And a more personal question – are you at all religious? Is this what drew you to these kings?

Yes. But it's been a rolling road, via childhood and youthful atheism, an early interest in the occult, neo-Platonism, comparative religion and, finally, back to where I started from. Is that what drew me to these kings? In part, I suppose, but more it is the fact that conflict is the driver of stories and here, in their tales, you have a conflict of world views, of civilisations, as well as the ordinary motivations of revenge and glory and honour.

Also, I wanted to understand the conversion. There's a tendency among writers today to romanticise the pagan Anglo-Saxons but the simple fact is that, when faced with a choice between paganism and Christianity, the Anglo-Saxons freely chose Christianity. Now, it was by no means a straightforward process, with all sorts of factors coming into play, but this was no conversion at the point of a sword.
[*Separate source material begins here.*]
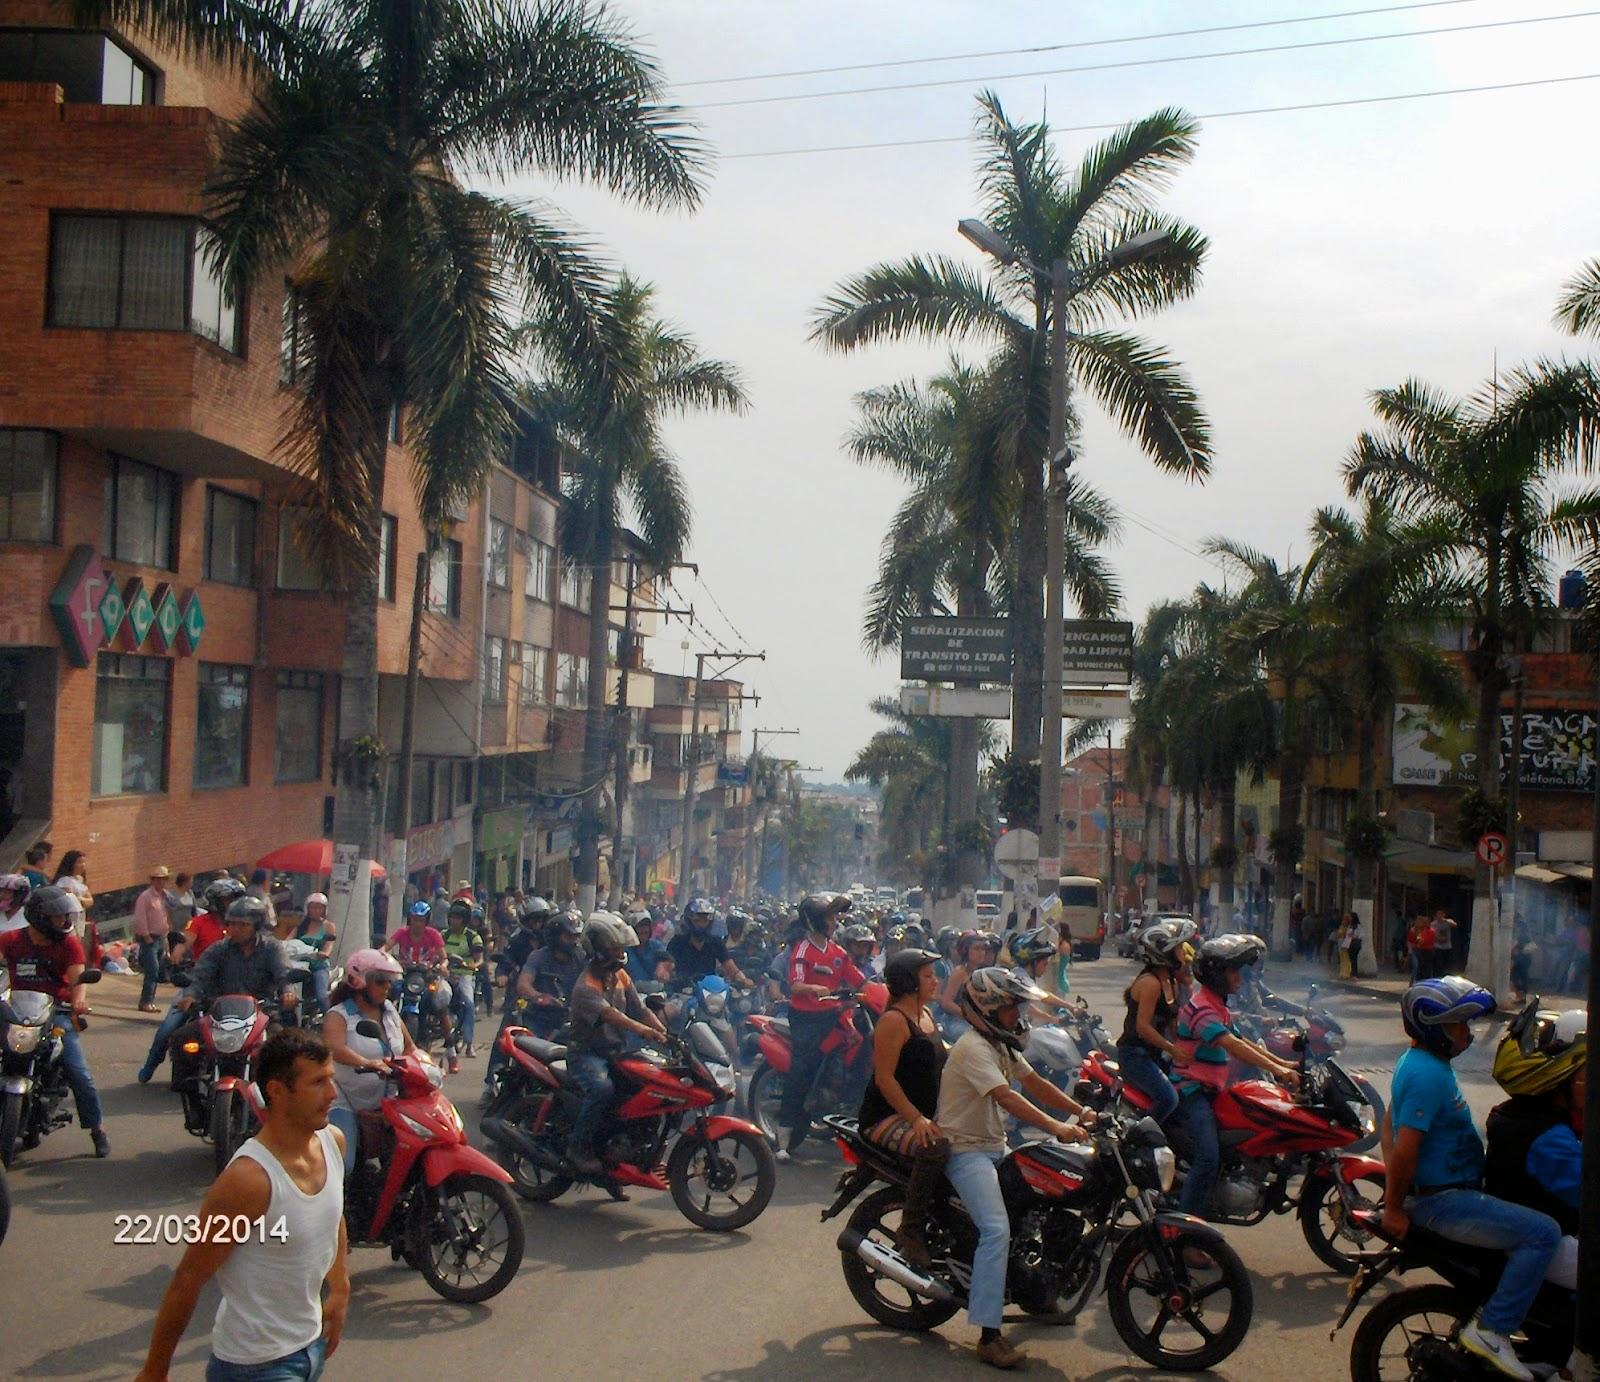 http://fusagasugaprensametronet.blogspot.com/2014/03/motociclistas-se-movilizaron-contra-el.html

So, why did they do it? We have very few sources for the nature of Anglo-Saxon paganism, so our understanding of the religion is a reconstruction. But obviously, in the 7th century, men like Edwin and Oswald had the real, live religion all around them - they had been brought up in it and they knew paganism for what it was. So, why did they change, and adopt the religion of the Britons, the people their forefathers had defeated? I'd suggest this is deeply mysterious - and quite fascinating. So, in these books, I set out to try to propose some answers to this question. And, what's more, there's lots of swords and battles too!

I also think there are clear and interesting parallels to our own day, when we see and read about clashes of world views and religions: we are living in a time of transition as much as Edwin, Oswald and Oswiu were.
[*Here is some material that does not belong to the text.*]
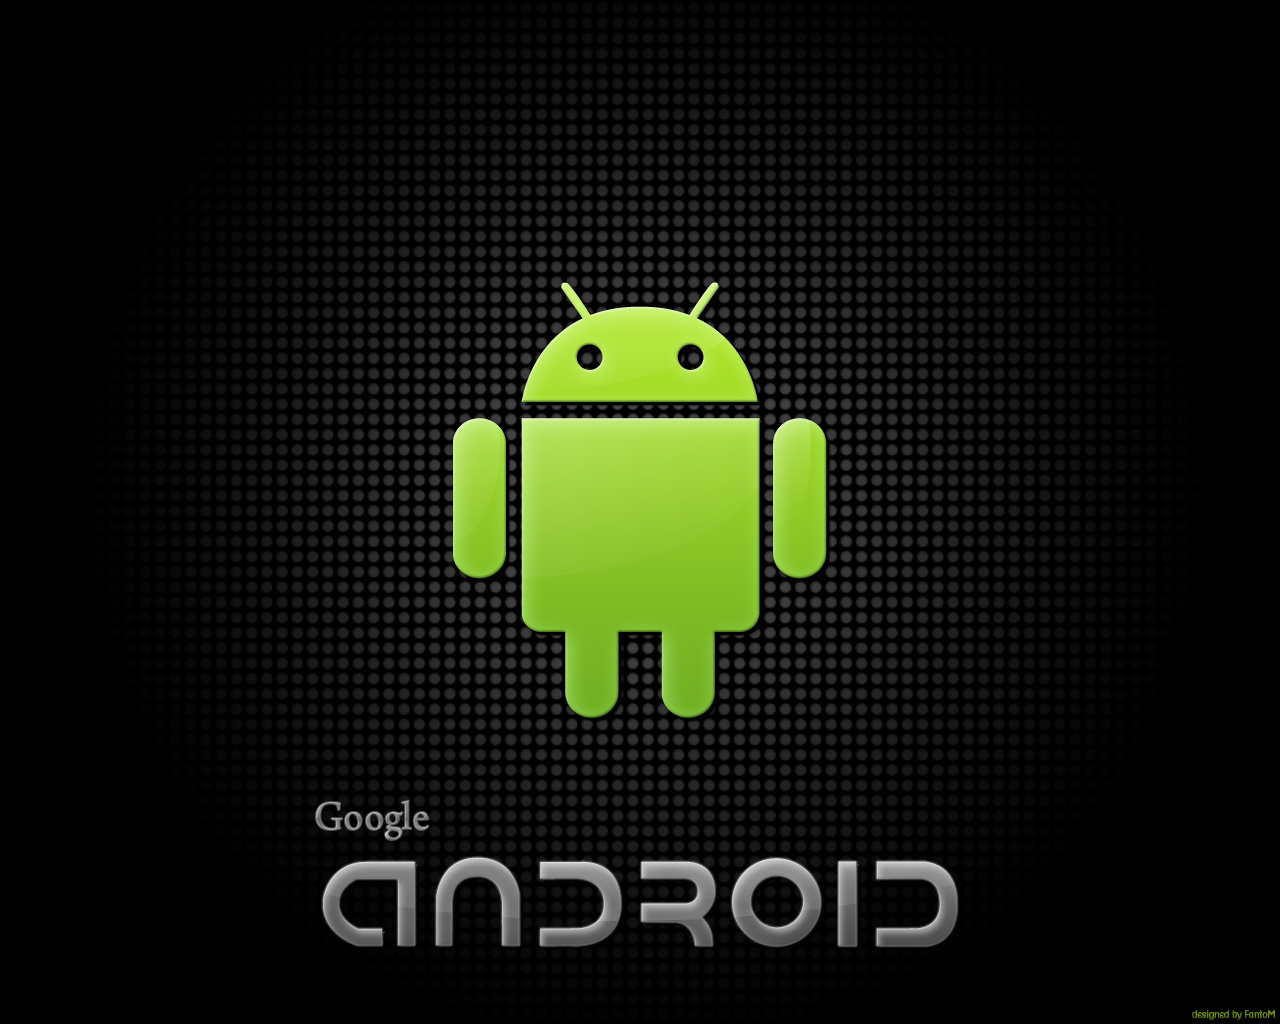 Android wallpaper desktop 6 hd desktop wallpapersjpg 1280x1024

Tell us a bit about your latest novel, Oswald and the Northumbrian Thrones series.

Oswald: Return of the King begins with the exiled ætheling of Bernicia, who is living on the Isle of Iona, learning that his uncle, King Edwin - the man who had killed his father - has been killed and the kingdom, Northumbria, is being ravaged. Oswald is faced with the choice of remaining in the north west, with the sea-spanning kingdom of Dal Riada and the monks of Iona, or returning to attempt to claim the throne. The book tells Oswald's story: how he chooses to return and wins the throne, and then sets about the conversion of his people, and the forces ranged against him.

I'm sure, if there had been any betting men in the 7th century wagering on whether the Anglo-Saxons would stay pagan or become Christian, the clever money would have gone on them continuing pagan. Augustine's mission to Kent had stalled and all but withered away after the death of the king who invited him; kingdoms that had accepted Christianity (Kent, Essex) were reverting to paganism, and there was still the open question of why should conquerors accept the religion of the people they had conquered. Oswald is the key that unlocks this mystery.
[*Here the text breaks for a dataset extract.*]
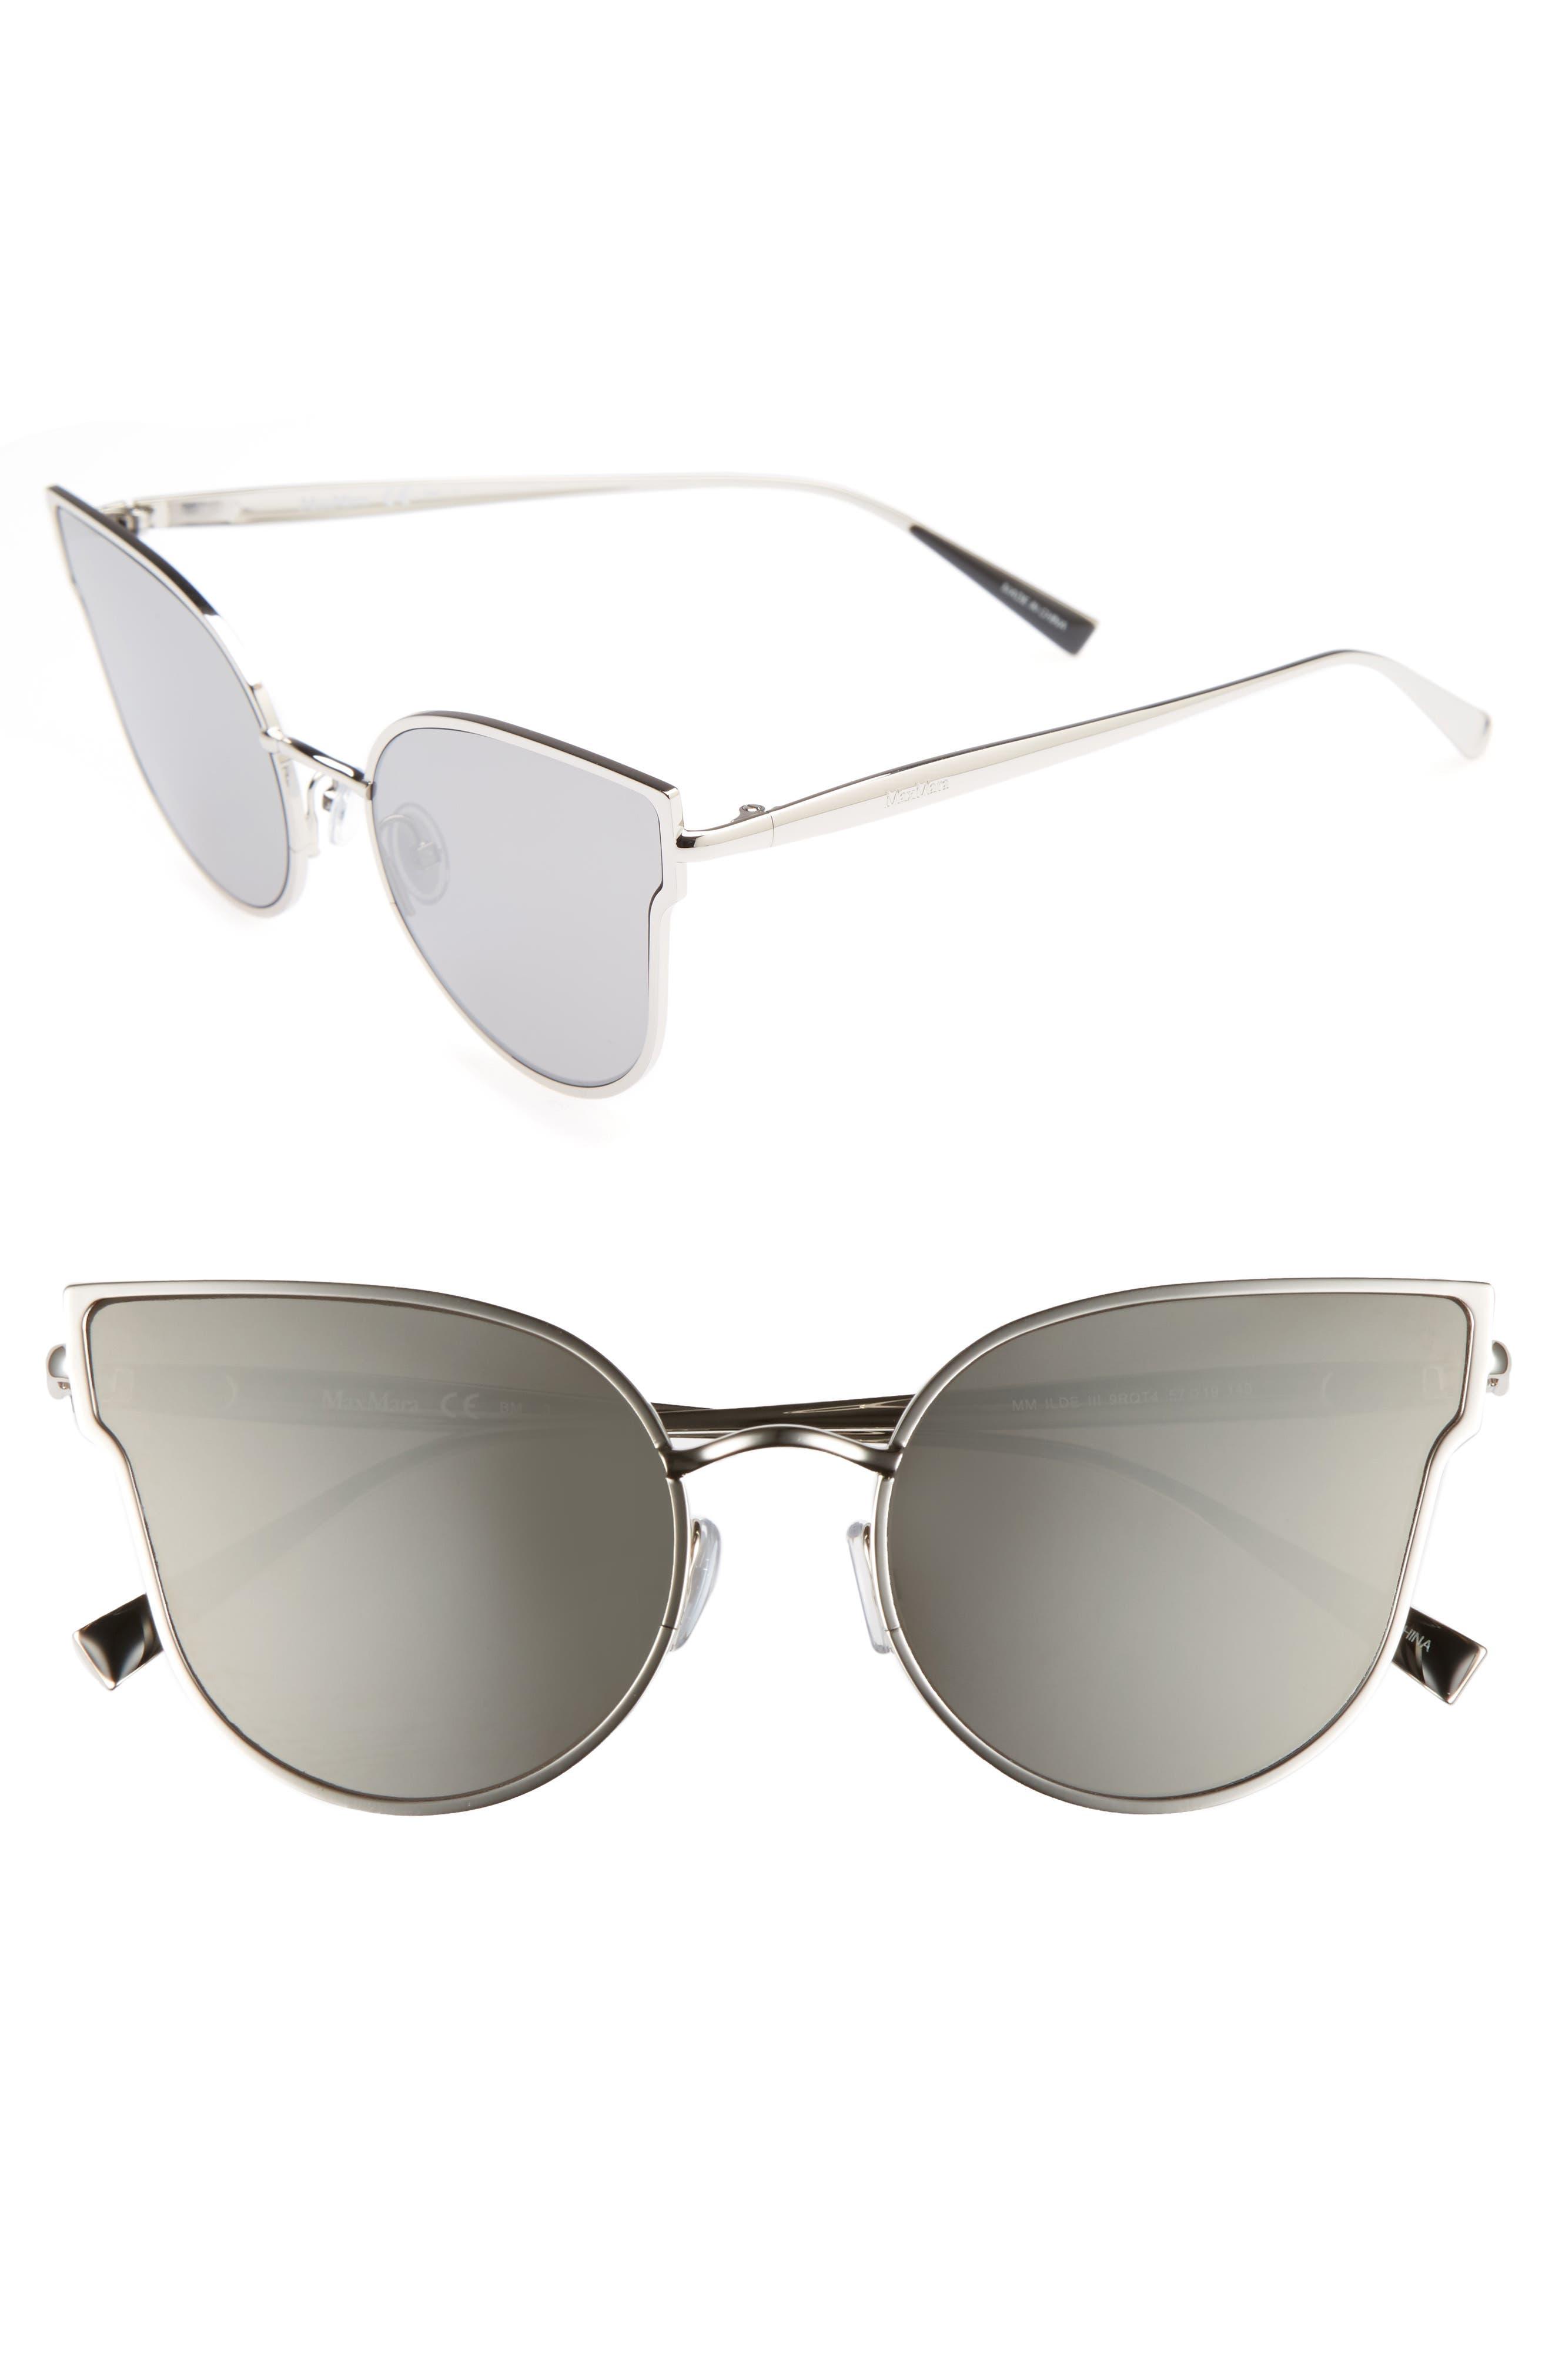 Ilde III 57mm Mirrored Cat Eye Sunglasses,                         Main,                         color, Smoke Silver

Were there any surprises for you while writing these books?

How fast I could go when my back was up against the wall and deadlines were approaching! I wrote Edwin in four months and Oswald, which is longer, in three!

Which of these three Northumbrian kings do you like most? 

The one I'm writing about at the time! But I do have a sneaking fondness for Edwin.

What writer or book has had the biggest influence on your work?

My favourite writers are JRR Tolkien, Rudyard Kipling, Robert Louis Stevenson, Evelyn Waugh and CS Lewis. Their biggest influence is my vain hope to some day come somewhere near matching them (although, clearly, I have also shamelessly nicked from Tolkien in the title of Oswald: Return of the King; my only defence is that Tolkien writes of Oswald in his seminal essay, Beowulf: The Monster and the Critics and there are clear parallels between his life and Aragorn's).

What are the best and worst things about being a writer?

The best thing about being a writer is the writing - as simple as that.

The worst thing is the poverty - very few writers make a living from writing and I'm certainly not yet in that category.

What is the best book you've read in the last twelve months?

Definitely Godric by Frederick Buechner. It's a slim book, only about 150 pages, telling the story, in the first person, of an obscure saint, Godric of Finchale, who lived from 1065 to 1170. But the language… The best I can do is quote a bit:

'Here are the sounds of Wear. It rattles stone on stone. It sucks its teeth. It sings. It hisses like the rain. It roars. It laughs. It claps its hands. Sometimes I think it prays. In winter, through the ice, I've seen it moving swift and black as Tune, without a sound. 
'Here are the sights of Wear. It falls in braids. It parts at rocks and tumbles round them white as down or flashes over them in silver quilts. It tosses fallen trees like bits of straw yet spins a single leaf as gentle as a maid. Sometimes it coils for rest in darkling pools and sometimes it leaps its banks and shatters in the air. In autumn, I've seen it breathe a mist so thick and grey you'd never know old Wear was there at all.'
There, what do you think? Extraordinary, no? I'd almost say, go out and read this book over any of mine.

What is the most exciting experience you've had as a result of writing?

The final full stop!

Once you have completed the Northumbrian Thrones trilogy, what’s next? More historical fiction? Or something else entirely?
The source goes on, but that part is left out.